Tuesday, August 24, 2010

Why Write Tall Tales When the World Is Coming Apart At the Seams?


Maybe it only seems like it’s coming apart at the seams.

No, it’s coming apart at the seams.

So why write tall tales?

Why do anything, but especially why write tall tales when the world, etc.?

Because this one particular tall tale I’m writing might be the one which saves the world, or at least makes a stitch that starts undoing the coming apart in one little shadow in one little corner of one little seam, or slows it, or distracts it, or makes it blink, or makes it think twice.

Because, as Flannery said, I’m good at it.

Because it’s fun.

Because somebody asked why.

Because it keeps me from coming apart at the seams.

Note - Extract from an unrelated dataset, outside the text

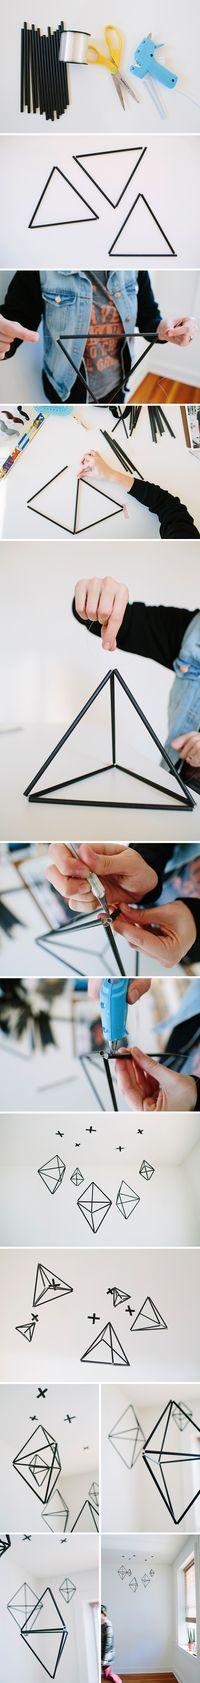 Geometric Straw Mobile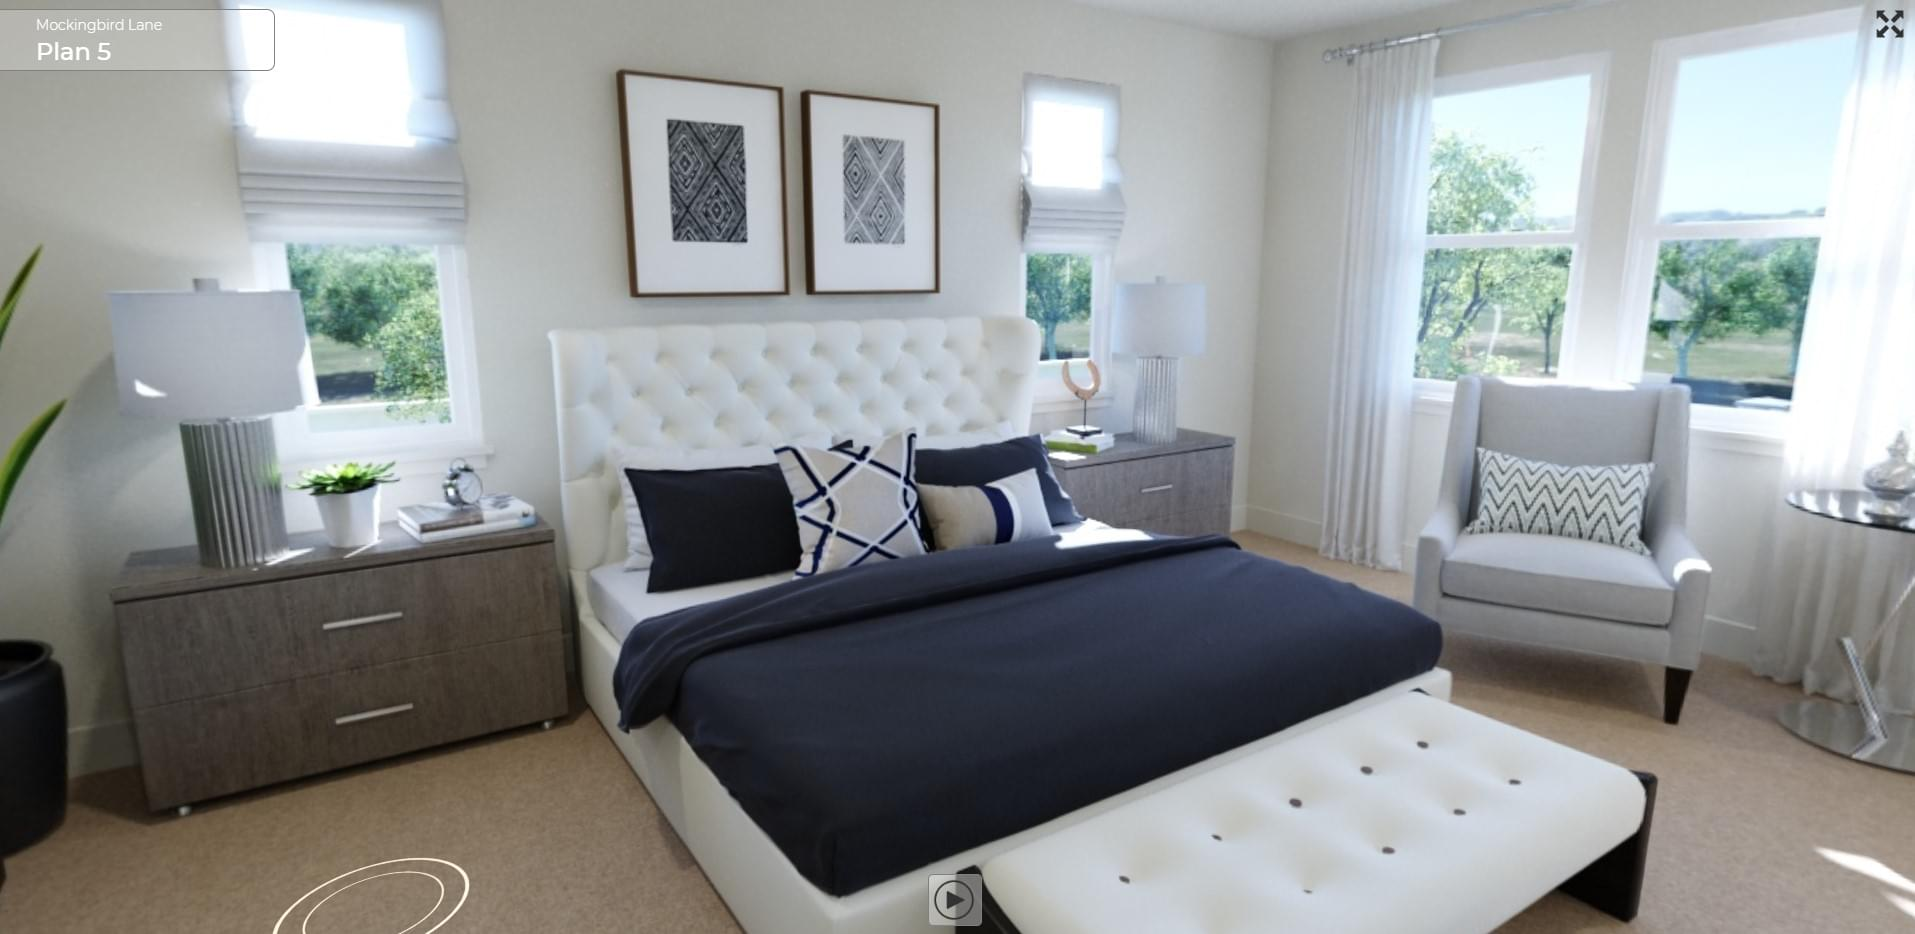 Residence 5 Master Bedroom

Because it might keep somebody else from coming apart at the seams, if only for the length of the story or a sentence or an image or two words put together in a subtly outrageous way.

Because there might be an image or a line or a stitch of dialogue that will make somebody laugh or be glad they’re alive or look up and see differently or tell somebody they love them.

Because everybody dies.

Because ghosts may be at my shoulder waiting for the next chapter.

Because I woke up today.

Because if I don’t, my soul barks at every passer-by.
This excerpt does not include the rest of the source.